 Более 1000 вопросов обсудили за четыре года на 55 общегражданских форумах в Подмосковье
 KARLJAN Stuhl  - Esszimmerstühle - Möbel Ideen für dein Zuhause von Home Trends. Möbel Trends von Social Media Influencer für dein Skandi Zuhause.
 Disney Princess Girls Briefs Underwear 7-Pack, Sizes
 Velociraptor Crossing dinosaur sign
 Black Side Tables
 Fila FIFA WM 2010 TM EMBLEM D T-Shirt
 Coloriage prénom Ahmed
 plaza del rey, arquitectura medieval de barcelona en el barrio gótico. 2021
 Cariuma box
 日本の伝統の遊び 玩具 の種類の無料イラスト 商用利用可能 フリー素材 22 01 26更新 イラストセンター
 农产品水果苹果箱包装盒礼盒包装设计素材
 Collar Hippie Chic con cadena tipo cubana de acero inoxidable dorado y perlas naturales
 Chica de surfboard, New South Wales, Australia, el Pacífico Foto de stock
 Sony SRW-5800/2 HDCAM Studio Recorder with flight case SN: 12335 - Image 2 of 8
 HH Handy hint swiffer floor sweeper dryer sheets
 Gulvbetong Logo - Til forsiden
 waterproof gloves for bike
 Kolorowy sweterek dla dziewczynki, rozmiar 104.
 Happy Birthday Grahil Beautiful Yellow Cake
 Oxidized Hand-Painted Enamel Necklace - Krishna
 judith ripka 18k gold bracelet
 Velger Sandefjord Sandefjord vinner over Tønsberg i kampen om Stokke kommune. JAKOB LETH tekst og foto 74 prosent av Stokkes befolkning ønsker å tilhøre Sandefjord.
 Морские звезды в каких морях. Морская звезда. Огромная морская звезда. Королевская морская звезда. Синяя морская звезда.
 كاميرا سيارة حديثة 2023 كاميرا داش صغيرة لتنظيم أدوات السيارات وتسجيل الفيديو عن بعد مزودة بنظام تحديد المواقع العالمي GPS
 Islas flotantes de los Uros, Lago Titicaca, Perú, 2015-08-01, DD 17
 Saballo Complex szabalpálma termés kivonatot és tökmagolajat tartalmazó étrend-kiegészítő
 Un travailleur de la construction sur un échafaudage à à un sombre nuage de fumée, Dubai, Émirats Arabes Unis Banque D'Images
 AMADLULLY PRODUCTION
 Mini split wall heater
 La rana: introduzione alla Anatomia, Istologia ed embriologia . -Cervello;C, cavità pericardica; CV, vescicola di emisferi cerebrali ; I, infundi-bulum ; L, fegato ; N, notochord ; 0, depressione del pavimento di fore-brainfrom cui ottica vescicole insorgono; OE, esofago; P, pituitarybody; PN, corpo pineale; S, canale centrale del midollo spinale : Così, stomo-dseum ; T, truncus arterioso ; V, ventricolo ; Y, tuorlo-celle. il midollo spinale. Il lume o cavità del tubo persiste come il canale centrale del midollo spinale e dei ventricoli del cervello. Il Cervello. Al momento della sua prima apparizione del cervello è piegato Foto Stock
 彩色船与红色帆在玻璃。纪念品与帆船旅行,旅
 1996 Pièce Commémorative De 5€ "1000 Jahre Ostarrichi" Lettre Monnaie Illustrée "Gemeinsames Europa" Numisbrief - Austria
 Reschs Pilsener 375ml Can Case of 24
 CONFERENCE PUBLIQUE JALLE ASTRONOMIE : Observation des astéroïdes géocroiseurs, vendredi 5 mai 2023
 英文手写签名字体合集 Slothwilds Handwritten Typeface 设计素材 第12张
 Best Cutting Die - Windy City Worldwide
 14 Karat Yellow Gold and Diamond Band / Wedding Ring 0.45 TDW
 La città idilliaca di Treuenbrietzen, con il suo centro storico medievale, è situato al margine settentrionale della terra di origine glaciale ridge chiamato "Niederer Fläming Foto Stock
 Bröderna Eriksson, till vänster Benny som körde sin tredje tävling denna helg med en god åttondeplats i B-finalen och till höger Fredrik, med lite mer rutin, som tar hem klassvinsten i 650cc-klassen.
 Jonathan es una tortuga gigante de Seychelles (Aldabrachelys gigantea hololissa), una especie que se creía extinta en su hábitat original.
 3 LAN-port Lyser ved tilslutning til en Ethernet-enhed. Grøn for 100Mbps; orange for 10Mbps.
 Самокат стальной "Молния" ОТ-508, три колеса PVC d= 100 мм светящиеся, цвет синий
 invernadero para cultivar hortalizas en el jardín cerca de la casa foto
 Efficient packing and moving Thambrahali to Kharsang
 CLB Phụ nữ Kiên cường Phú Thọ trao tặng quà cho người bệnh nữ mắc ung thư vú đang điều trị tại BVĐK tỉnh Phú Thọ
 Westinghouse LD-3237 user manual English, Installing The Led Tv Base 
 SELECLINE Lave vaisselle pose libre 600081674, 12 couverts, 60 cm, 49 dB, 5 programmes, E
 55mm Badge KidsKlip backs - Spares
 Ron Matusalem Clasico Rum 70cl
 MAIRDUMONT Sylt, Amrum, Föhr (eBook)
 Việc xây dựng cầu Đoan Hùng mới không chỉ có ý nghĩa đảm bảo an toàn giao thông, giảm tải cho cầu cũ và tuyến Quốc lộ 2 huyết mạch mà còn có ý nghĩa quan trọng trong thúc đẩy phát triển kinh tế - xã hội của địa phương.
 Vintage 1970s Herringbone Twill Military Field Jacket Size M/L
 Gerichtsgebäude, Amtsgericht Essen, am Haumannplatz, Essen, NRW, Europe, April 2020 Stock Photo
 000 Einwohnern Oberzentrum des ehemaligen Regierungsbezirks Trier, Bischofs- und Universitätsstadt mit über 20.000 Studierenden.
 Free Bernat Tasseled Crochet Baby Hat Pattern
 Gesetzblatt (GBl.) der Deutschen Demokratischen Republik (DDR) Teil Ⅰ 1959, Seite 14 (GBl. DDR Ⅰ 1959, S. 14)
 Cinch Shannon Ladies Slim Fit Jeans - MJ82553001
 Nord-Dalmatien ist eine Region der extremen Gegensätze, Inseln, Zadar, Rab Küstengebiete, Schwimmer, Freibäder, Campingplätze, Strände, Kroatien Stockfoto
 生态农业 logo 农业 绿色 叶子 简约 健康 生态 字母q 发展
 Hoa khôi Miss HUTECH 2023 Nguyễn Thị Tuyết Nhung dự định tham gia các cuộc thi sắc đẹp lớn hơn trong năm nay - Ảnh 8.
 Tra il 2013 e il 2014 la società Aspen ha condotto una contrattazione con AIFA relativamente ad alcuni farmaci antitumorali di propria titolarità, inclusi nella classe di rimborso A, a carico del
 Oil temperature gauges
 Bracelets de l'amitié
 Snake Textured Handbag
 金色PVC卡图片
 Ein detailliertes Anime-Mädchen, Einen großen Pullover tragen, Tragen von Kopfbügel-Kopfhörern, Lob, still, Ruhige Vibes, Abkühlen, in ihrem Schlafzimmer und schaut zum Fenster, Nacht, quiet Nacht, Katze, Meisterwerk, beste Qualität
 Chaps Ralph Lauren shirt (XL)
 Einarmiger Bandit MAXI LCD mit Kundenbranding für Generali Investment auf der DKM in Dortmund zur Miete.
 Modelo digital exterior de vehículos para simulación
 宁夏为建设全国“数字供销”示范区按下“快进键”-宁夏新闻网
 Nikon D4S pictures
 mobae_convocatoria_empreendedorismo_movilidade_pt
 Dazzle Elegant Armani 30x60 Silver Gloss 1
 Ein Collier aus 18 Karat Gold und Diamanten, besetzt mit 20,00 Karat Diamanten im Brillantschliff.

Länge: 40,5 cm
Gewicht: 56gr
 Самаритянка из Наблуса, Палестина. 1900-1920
········
- [What the task asks]: Copy the lines of the data above exactly as written, beginning with the line containing "CONFERENCE PUBLIQUE JALLE" and ending with the line containing "La città idilliaca", and leave out all other lines.

- [Response for this exercise]:
 CONFERENCE PUBLIQUE JALLE ASTRONOMIE : Observation des astéroïdes géocroiseurs, vendredi 5 mai 2023
 英文手写签名字体合集 Slothwilds Handwritten Typeface 设计素材 第12张
 Best Cutting Die - Windy City Worldwide
 14 Karat Yellow Gold and Diamond Band / Wedding Ring 0.45 TDW
 La città idilliaca di Treuenbrietzen, con il suo centro storico medievale, è situato al margine settentrionale della terra di origine glaciale ridge chiamato "Niederer Fläming Foto Stock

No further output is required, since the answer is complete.